In [1]:
from langchain_google_genai import ChatGoogleGenerativeAI
from langchain_community.document_loaders import PyPDFLoader
import nltk
from langchain_text_splitters import NLTKTextSplitter
from langchain_google_genai import GoogleGenerativeAIEmbeddings
from langchain_community.vectorstores import Chroma
from langchain_core.messages import SystemMessage
from langchain_core.prompts import ChatPromptTemplate, HumanMessagePromptTemplate
from langchain_core.output_parsers import StrOutputParser
from langchain_core.runnables import RunnablePassthrough
from IPython.display import Markdown as md
from dotenv import load_dotenv
from ragas.llms import LangchainLLMWrapper
from langchain_core.language_models.base import BaseLanguageModel
import os
import glob
load_dotenv()  
key = os.getenv("GOOGLE_API_KEY")
chat_model = ChatGoogleGenerativeAI(google_api_key=key, 
                                   model="gemini-1.5-flash-latest")
pdf_files = glob.glob("data/*.pdf")
pages = []
for pdf_file in pdf_files:
    loader = PyPDFLoader(pdf_file)
    pages.extend(loader.load_and_split())
text_splitter = NLTKTextSplitter(chunk_size=5000, chunk_overlap=1000)

chunks = text_splitter.split_documents(pages)
embedding_model = GoogleGenerativeAIEmbeddings(google_api_key=key, model="models/embedding-001")
db = Chroma.from_documents(chunks, embedding_model, persist_directory="chroma_db_")
db.persist()
db_connection = Chroma(persist_directory="chroma_db_", embedding_function=embedding_model)

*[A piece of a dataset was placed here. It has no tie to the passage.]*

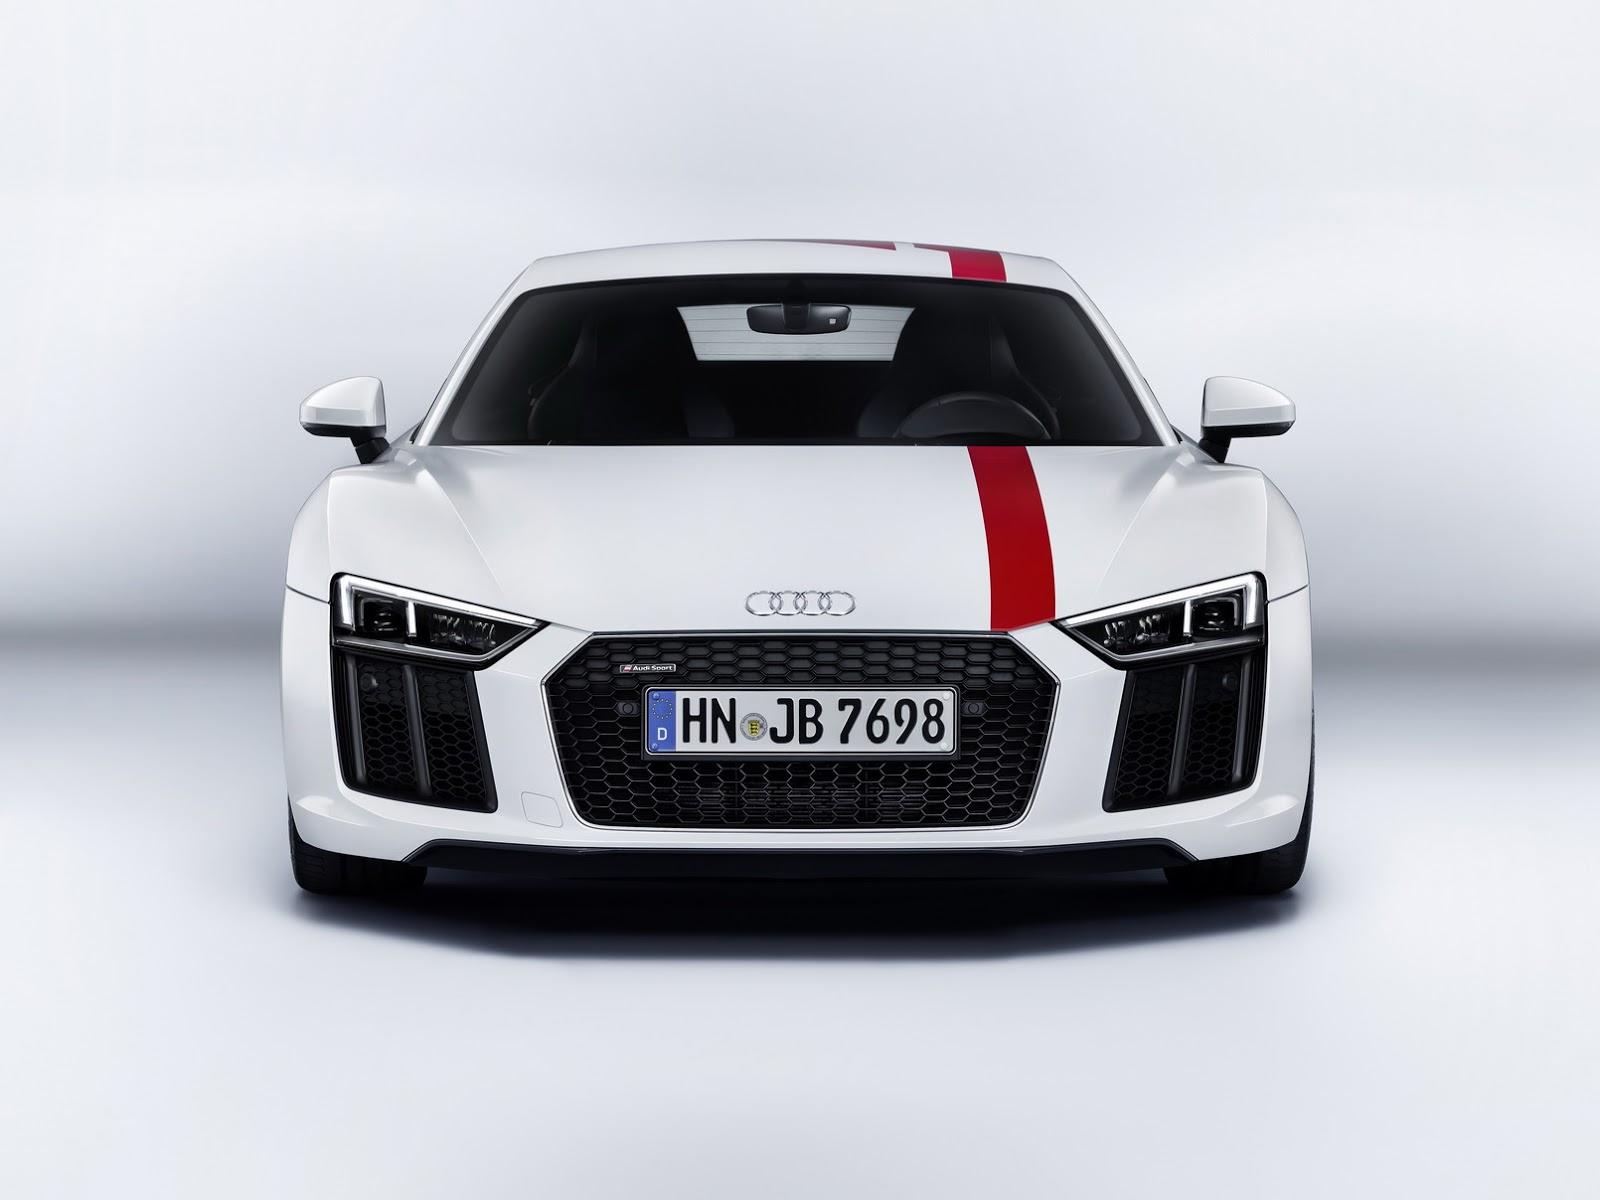 2018_Audi_R8_V10_RWS_59

  from .autonotebook import tqdm as notebook_tqdm
  db.persist()
  db_connection = Chroma(persist_directory="chroma_db_", embedding_function=embedding_model)


In [2]:

retriever = db_connection.as_retriever(search_kwargs={"k": 10})
chat_template = ChatPromptTemplate.from_messages([
    SystemMessage(content="""You are a helpful academic assistant.
    Please answer the question using only the provided context. 
    Do not include any explanations or additional information beyond what is asked.
    If the context does not contain enough information, say "I don't know" rather than making up an answer."""),
    HumanMessagePromptTemplate.from_template("""Answer the question based on the given context.
    Context: {context}
    Question: {question}
    Answer: """)
])

output_parser = StrOutputParser()


def format_docs(docs):
    return "\n\n".join(doc.page_content for doc in docs)


rag_chain = (
    {"context": retriever | format_docs, "question": RunnablePassthrough()}
    | chat_template
    | chat_model
    | output_parser
)

def base_rag(query):
    docs = retriever.invoke(query)
    
    context = format_docs(docs)
    
    chain = (
        {"context": lambda _: context, "question": lambda _: query}
        | chat_template
        | chat_model
        | output_parser
    )
    
    answer = chain.invoke(query)

    return {
        "question": query,
        "answer": answer,
        "contexts": [doc.page_content for doc in docs]
    }



In [3]:
from datasets import Dataset

examples = [
    {"question": "What is the role of aggregate functions in SQL?", "ground_truth": "They perform calculations on sets of values."},
    {"question": "Define relationship in the E-R model.", "ground_truth": "An association among several entities."},
    {"question": "What is the purpose of a canonical cover?", "ground_truth": "A minimal set of functional dependencies equivalent to the original."},
    {"question": "What is the main goal of a DBMS?", "ground_truth": "To provide efficient and convenient access to data."},
    {"question": "List three applications of DBMS.", "ground_truth": "Banking, Airlines, Manufacturing."},
    {"question": "How does UNION differ from INTERSECT in SQL?", "ground_truth": "UNION merges results, INTERSECT finds common rows."},
    {"question": "Define data independence.", "ground_truth": "Ability to modify schema at one level without affecting the next."},
    {"question": "What is a superkey?", "ground_truth": "A set of attributes that uniquely identify an entity."},
    {"question": "What is normalization in databases?", "ground_truth": "The process of structuring a relational database to reduce redundancy."},
    {"question": "What does the SELECT clause do in SQL?", "ground_truth": "Specifies the attributes to retrieve."},
    {"question": "What is a functional dependency?", "ground_truth": "A constraint between two sets of attributes."},
    {"question": "What is data redundancy in file systems?", "ground_truth": "Duplication of information across files."},
    {"question": "What is a candidate key?", "ground_truth": "A minimal superkey."},
    {"question": "What is a derived attribute in E-R model?", "ground_truth": "An attribute whose values can be derived from other attributes."},
   
]

In [4]:
dataset = Dataset.from_list(examples)
from ragas.metrics import (
    faithfulness,
    answer_relevancy,
    context_precision,
    context_recall,
)

results = [base_rag(row["question"]) for row in dataset]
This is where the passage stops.